[What is required]
The pictures stay out. Please retype every line below exactly.

[Given material]

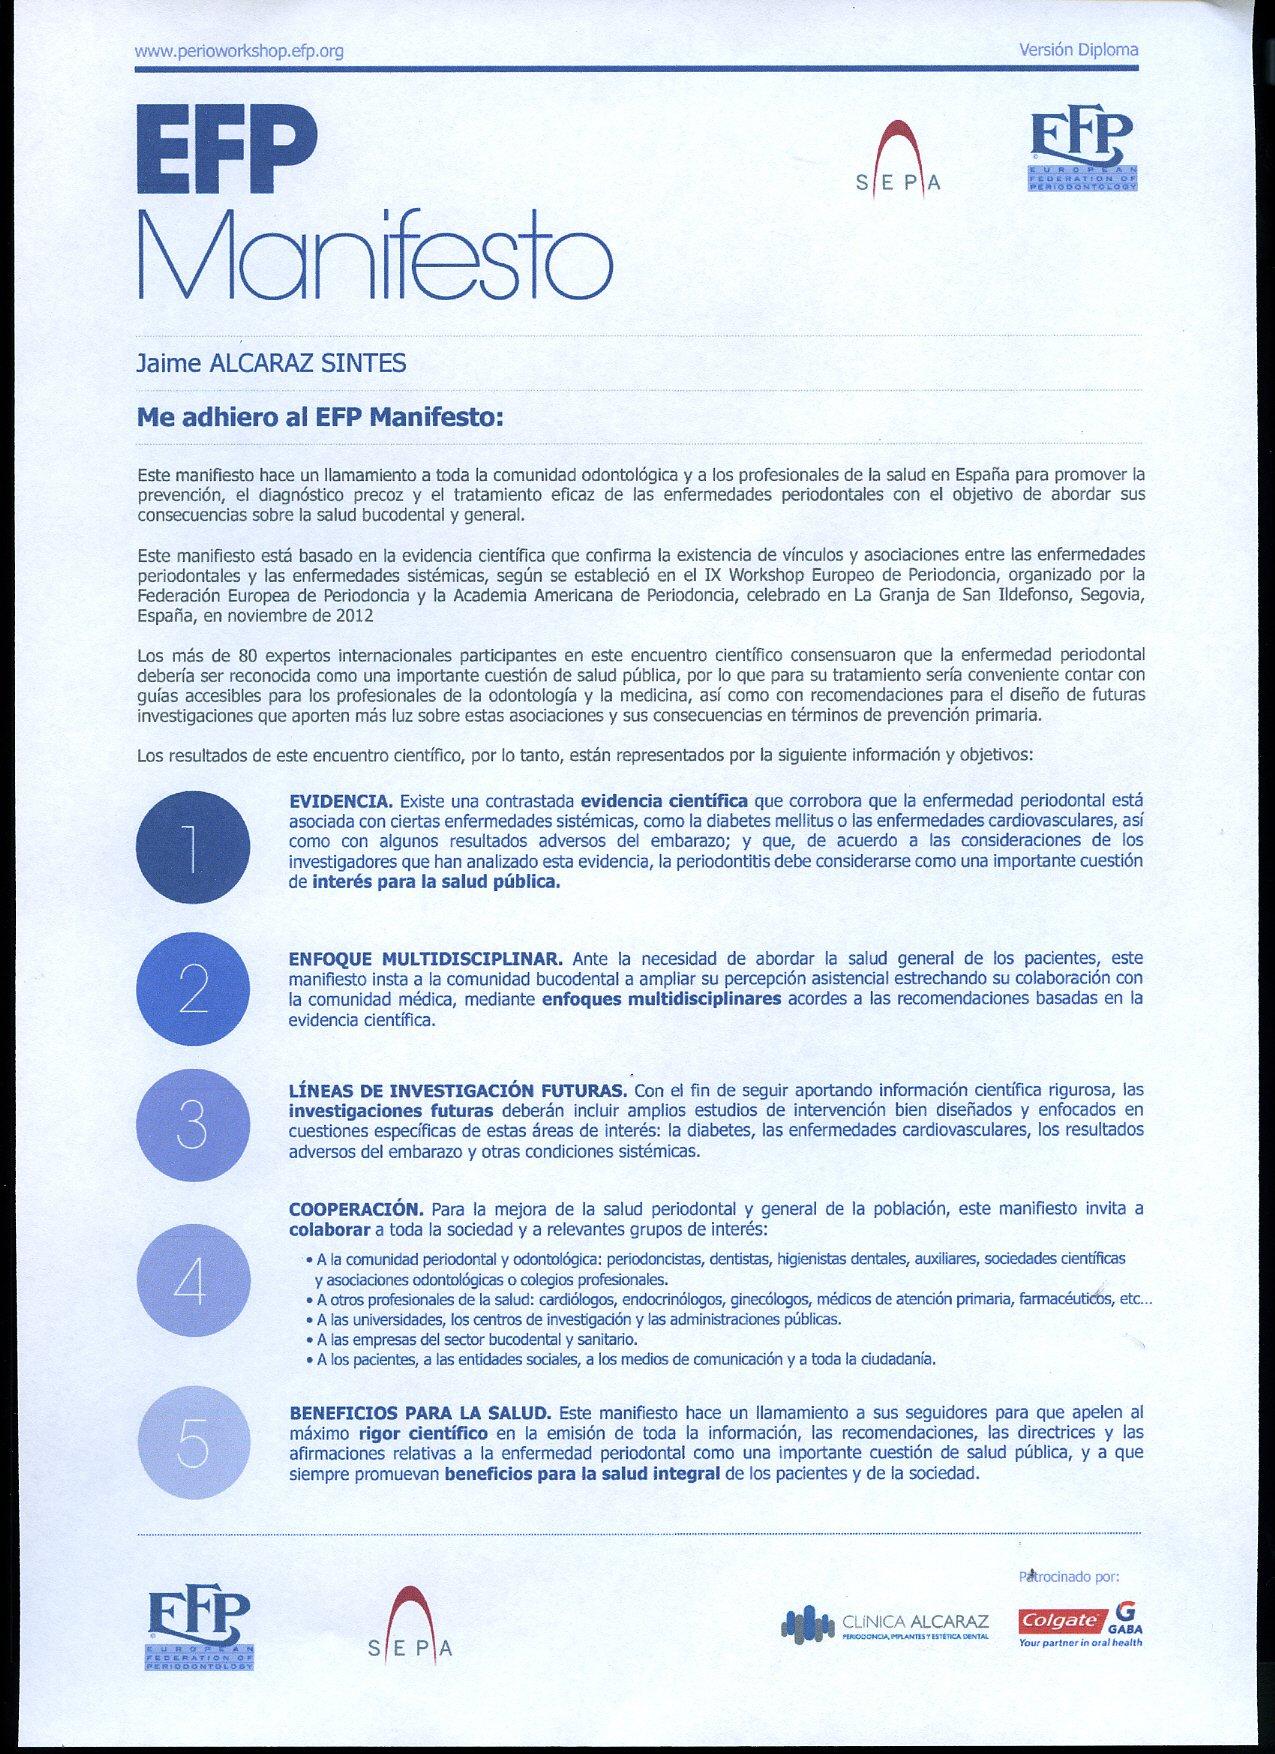 manifiesto efp
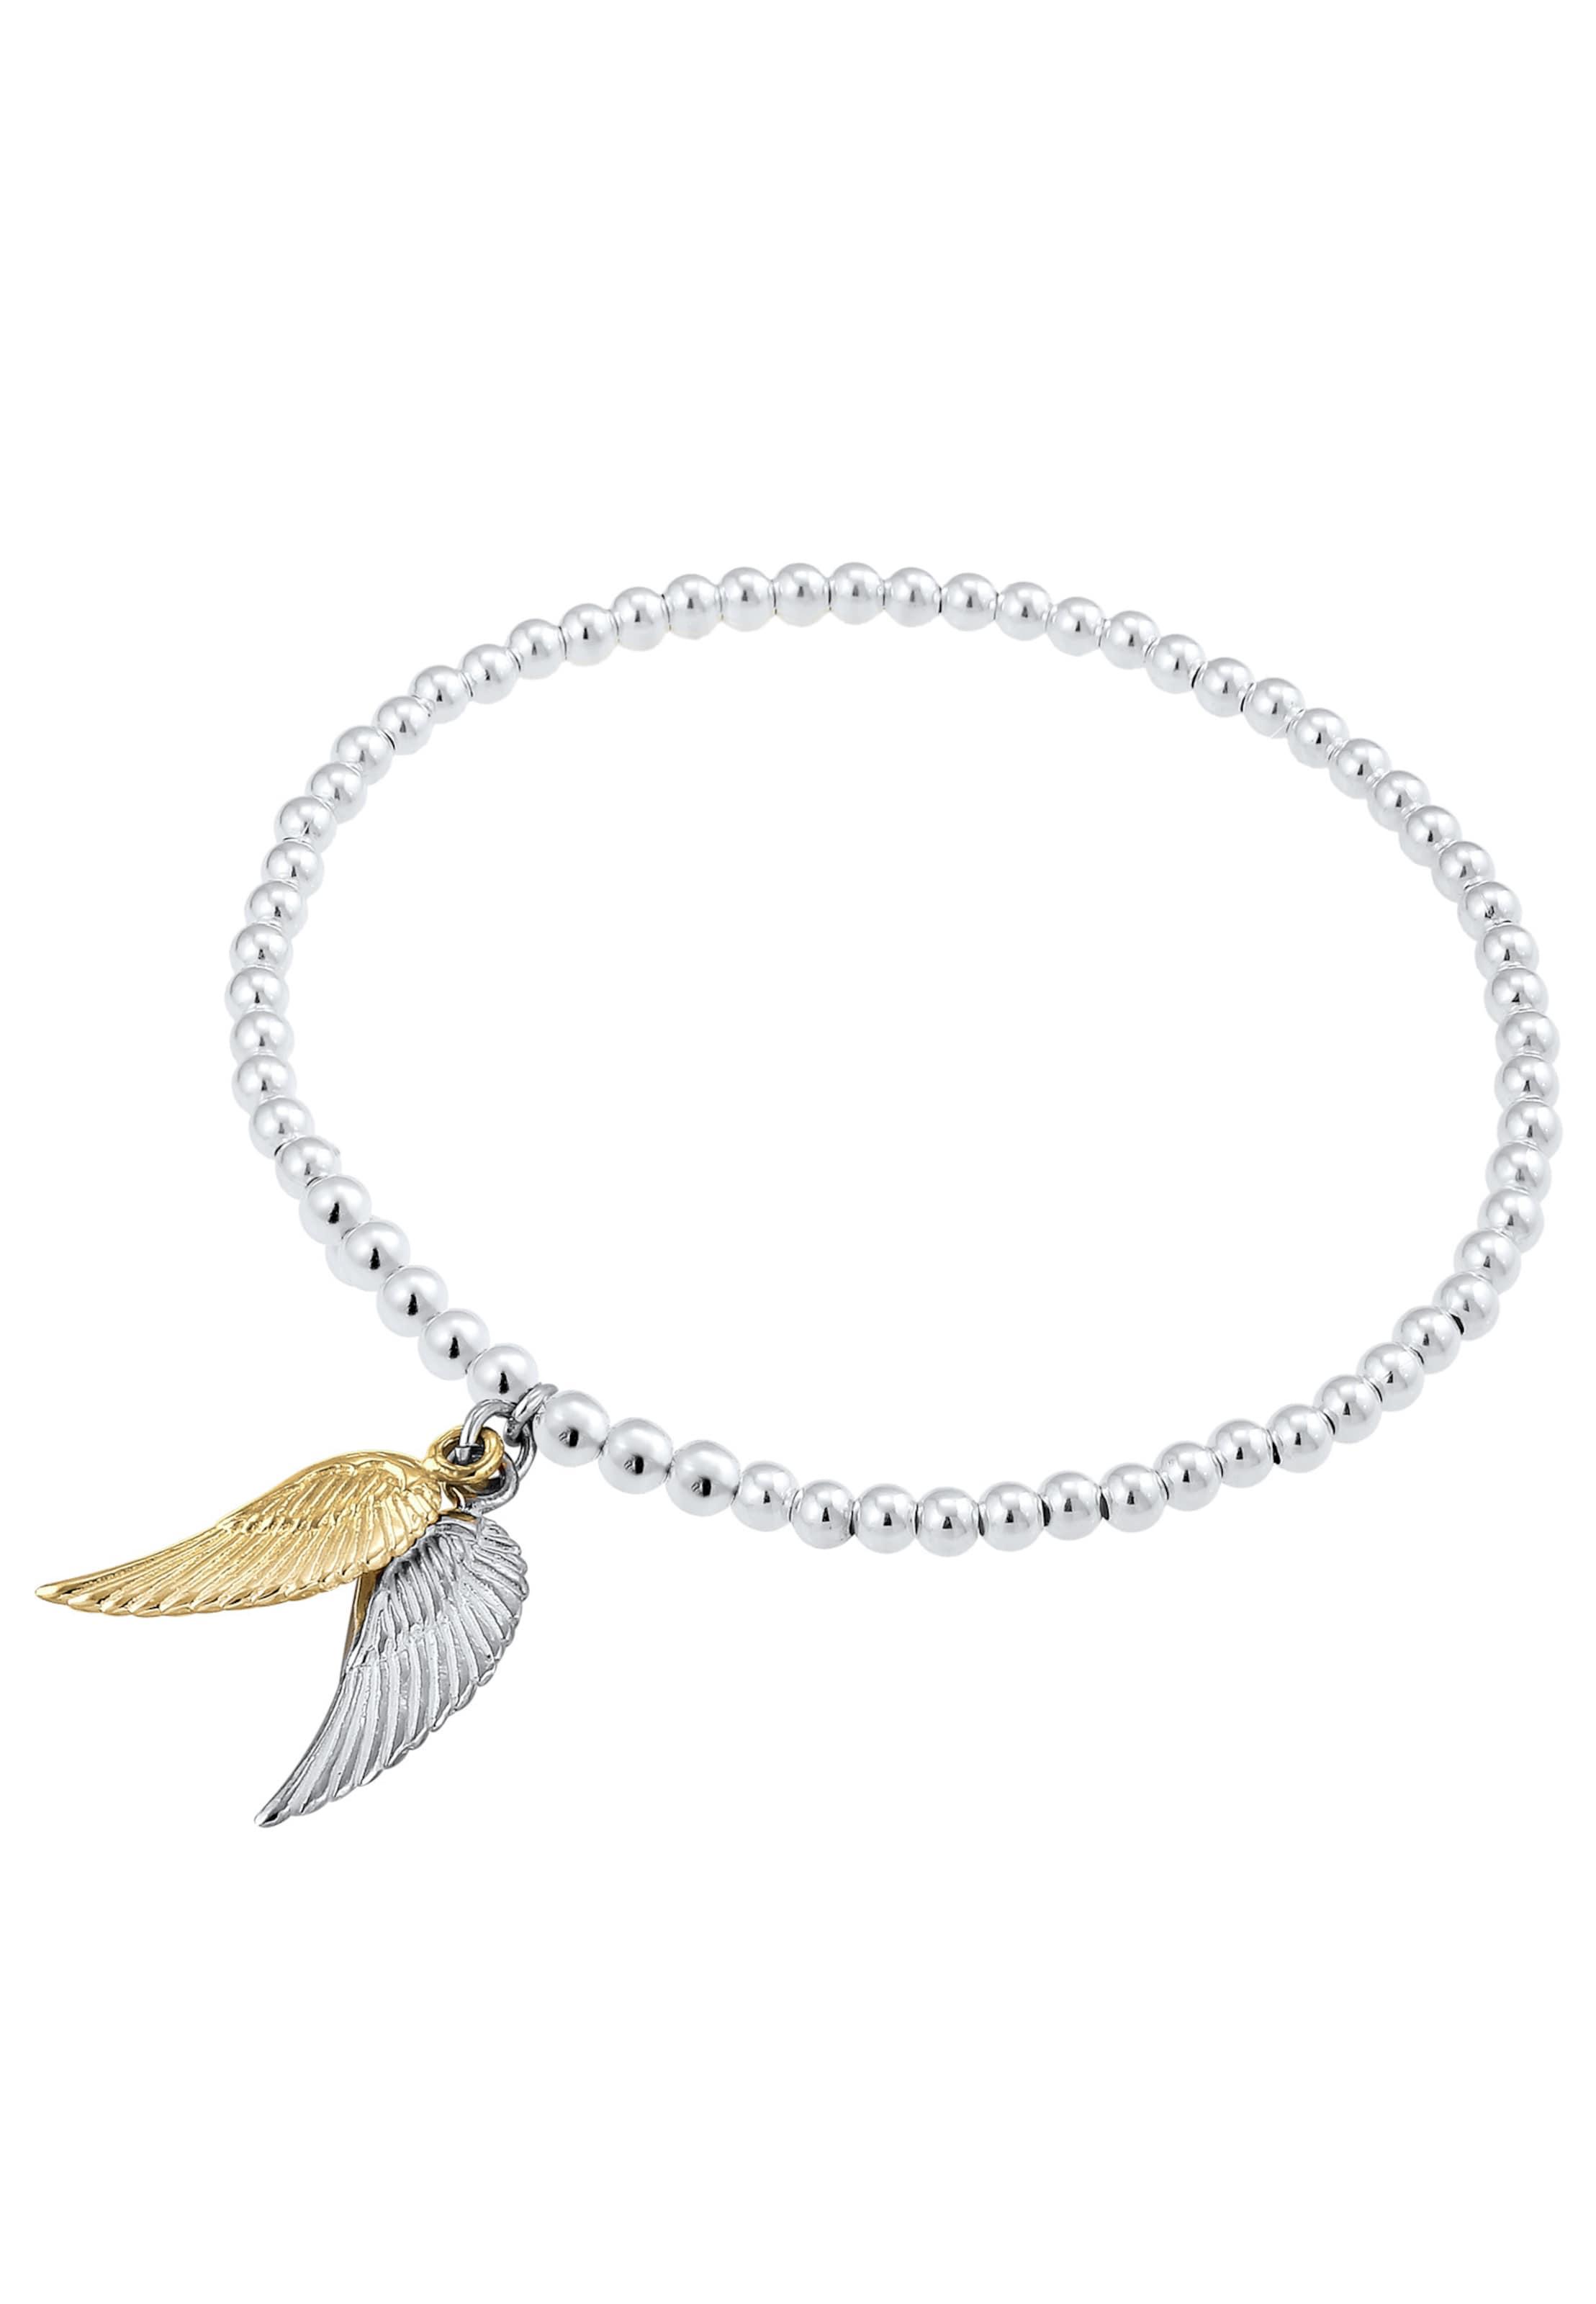 GoldSilber In Elli GoldSilber Armband Elli Elli Armband In jL3A4q5R
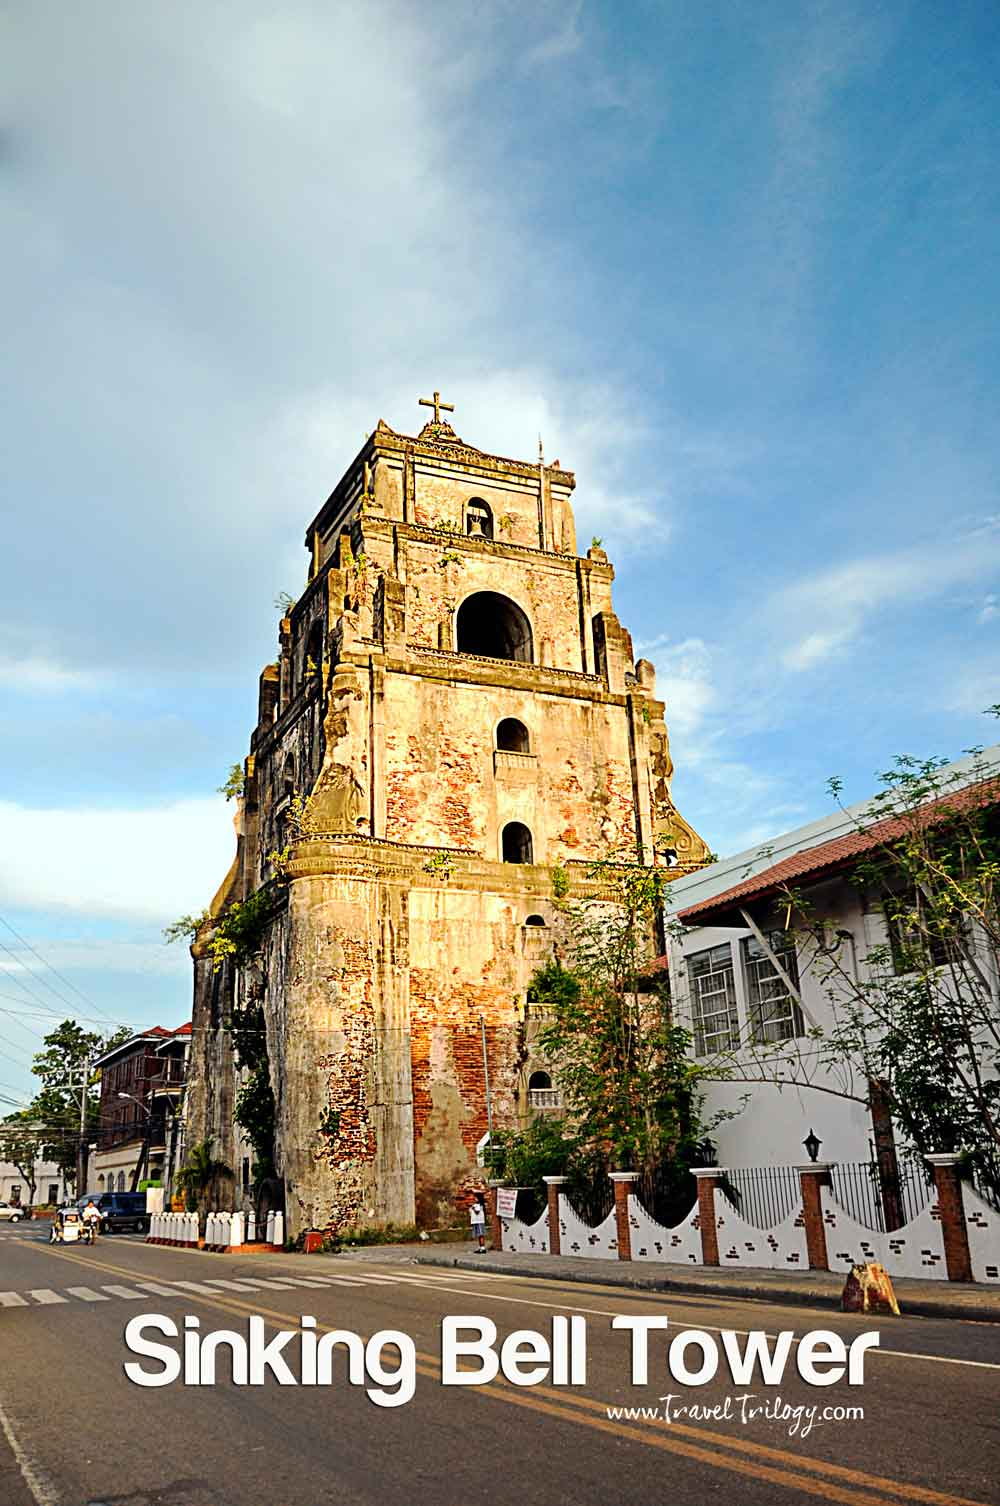 sinking bell tower laoag ilocos norte

[Response below]
 manifiesto efp
 GoldSilber In Elli GoldSilber Armband Elli Elli Armband In jL3A4q5R
 sinking bell tower laoag ilocos norte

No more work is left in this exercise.